- Born: Cyril Thomson Mitchell January 27, 1936 Carnwath, Scotland
- Died: April 21, 1989 (aged 53) Los Angeles, California, U.S.
- Occupation: Hairstylist
- Known for: Co-founding John Paul Mitchell Systems

= Paul Mitchell (hairdresser) =

Scottish hairstylist (1936–1989)

Paul Mitchell (born Cyril Thomson Mitchell; January 27, 1936 – April 21, 1989) was a Scottish American hairstylist and co-founder of John Paul Mitchell Systems, a company that sells hair care products and, since 2000, also runs hairdressing schools.

==Early life==
Paul Mitchell was born in Carnwath in Scotland. His mother Jenny was the village's first hairdresser. His family moved to London in 1939. He trained as a silversmith before enrolling in the Morris School of Hairdressing at age sixteen. By eighteen he had won multiple hairdressing competitions.

==Career==
After graduating he worked as a hairdresser in London salons, moving to Vidal Sassoon's in Bond Street in the early 1960s. In 1965, Sassoon sent him to New York City to train staff at his first location in the United States. Mitchell left Sassoon's employ in 1967 and headed up Crimpers, a salon within the Henri Bendel flagship store on Fifth Avenue. Its success led to further branches opening in Boston, Chicago, Dallas and Philadelphia. In 1971 he took a break from hairdressing before opening his salon Superhair in New York in 1972. In 1974 he sold Superhair and moved to Hawaii. By the end of the 1970s he demonstrated hairdressing techniques at up to 150 beauty shows per year.
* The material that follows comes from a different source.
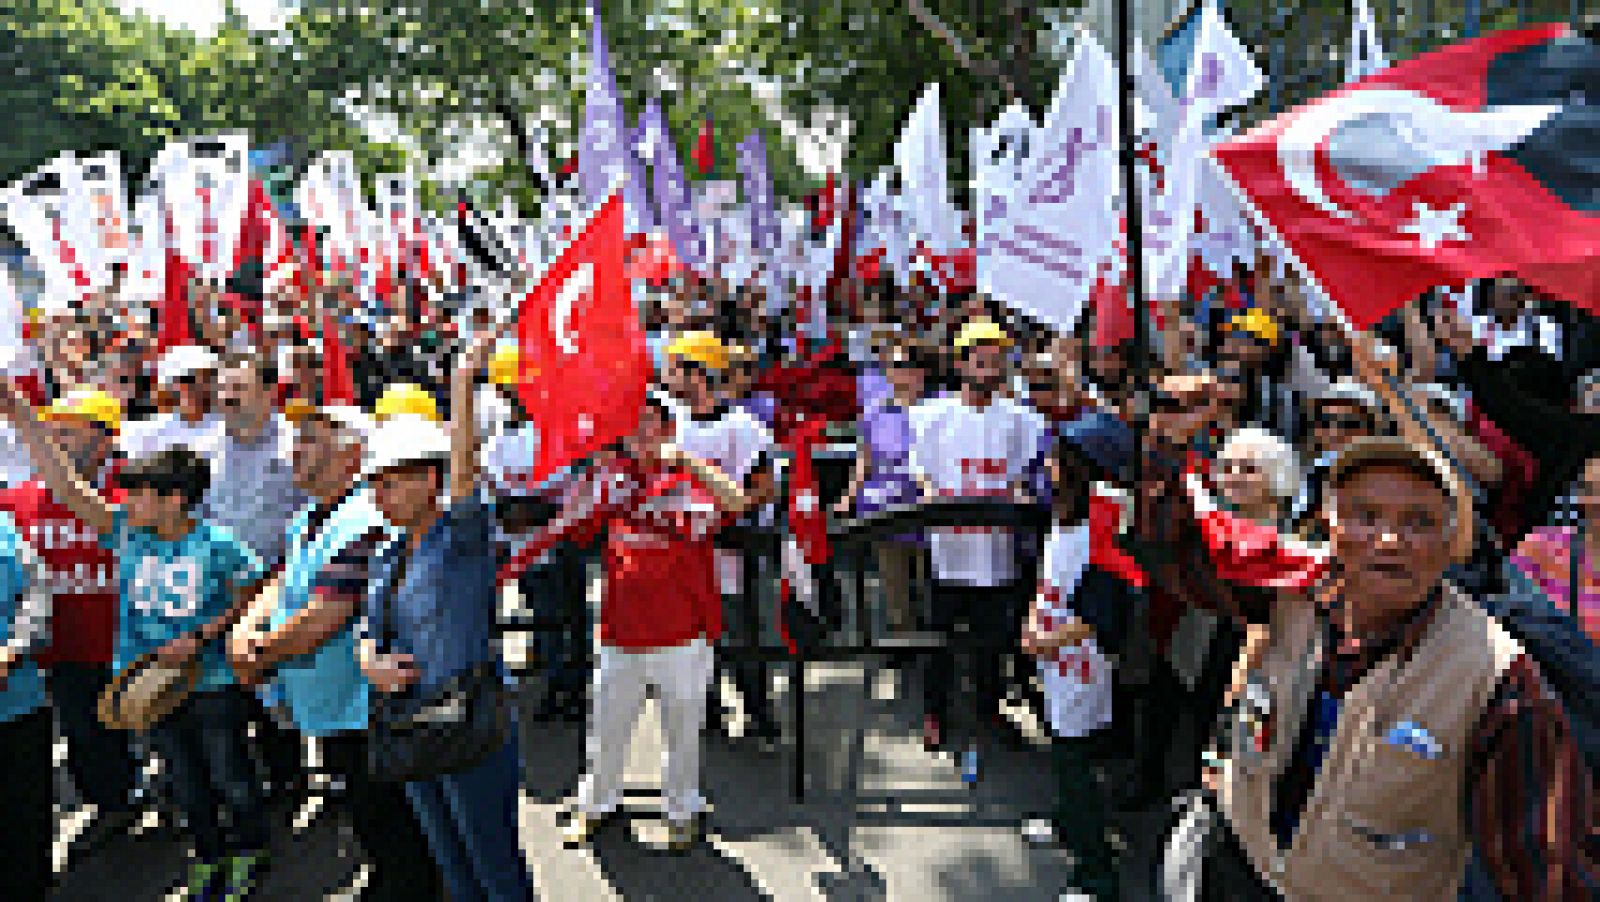  El derrumbamiento de una mina de carbón el día 13 de mayo en la localidad turca de Soma, no solo deja un abultado balance de víctimas -301 muertos es la cifra oficial-. El suceso ha puesto a la luz las duras condiciones a las que se enfrentan los mineros turcos en su trabajo.
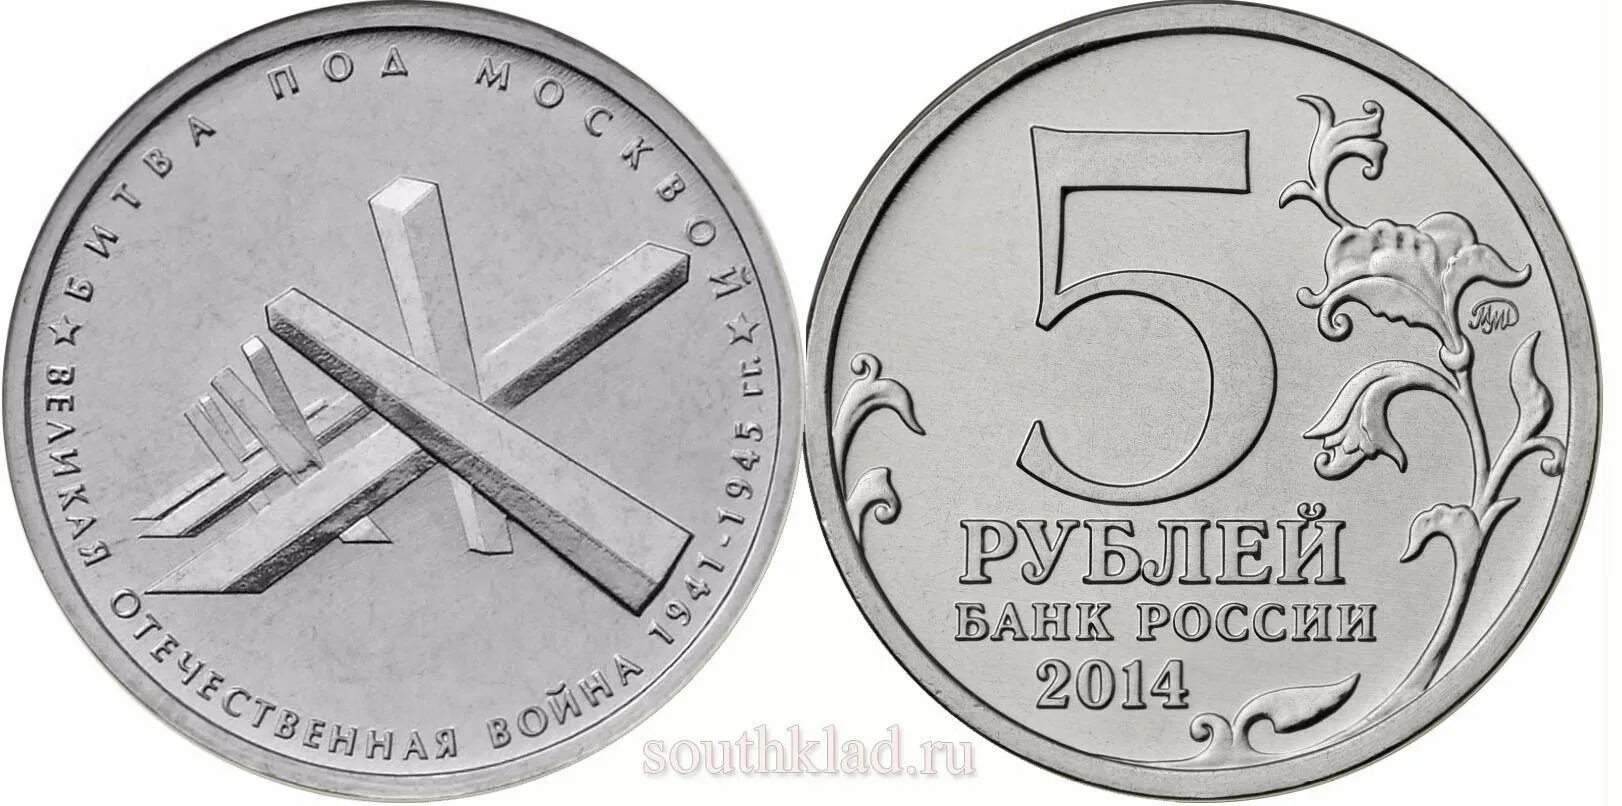 Монета битва под Москвой. 5 Рублей битва под Москвой. 5 Рублей 2014 Великая Отечественная. 5 рублей мешок

In 1980 he and John Paul DeJoria founded John Paul Mitchell Systems, selling hair care products via hair salons under the Paul Mitchell brand name, marketed as professional quality products for home use. The company thrived and later expanded into hairdressing schools.

In 1985, Mitchell established an awapuhi farm on the Big Island of Hawaii.

==Personal life==
Mitchell married Jolina Zandueta Wyrzykowski, an American fashion model and actress with Polish-Filipina family roots. Their only child, Angus Mitchell, was born in 1970 and died in 2024.

In 1988, Mitchell was diagnosed with pancreatic cancer. He died in 1989 in Cedars Sinai Medical Center. He is buried on his estate on the Big Island of Hawaii. Angus inherited his father's share of John Paul Mitchell Systems & Schools and opened his own salon, AngusM in Beverly Hills, CA.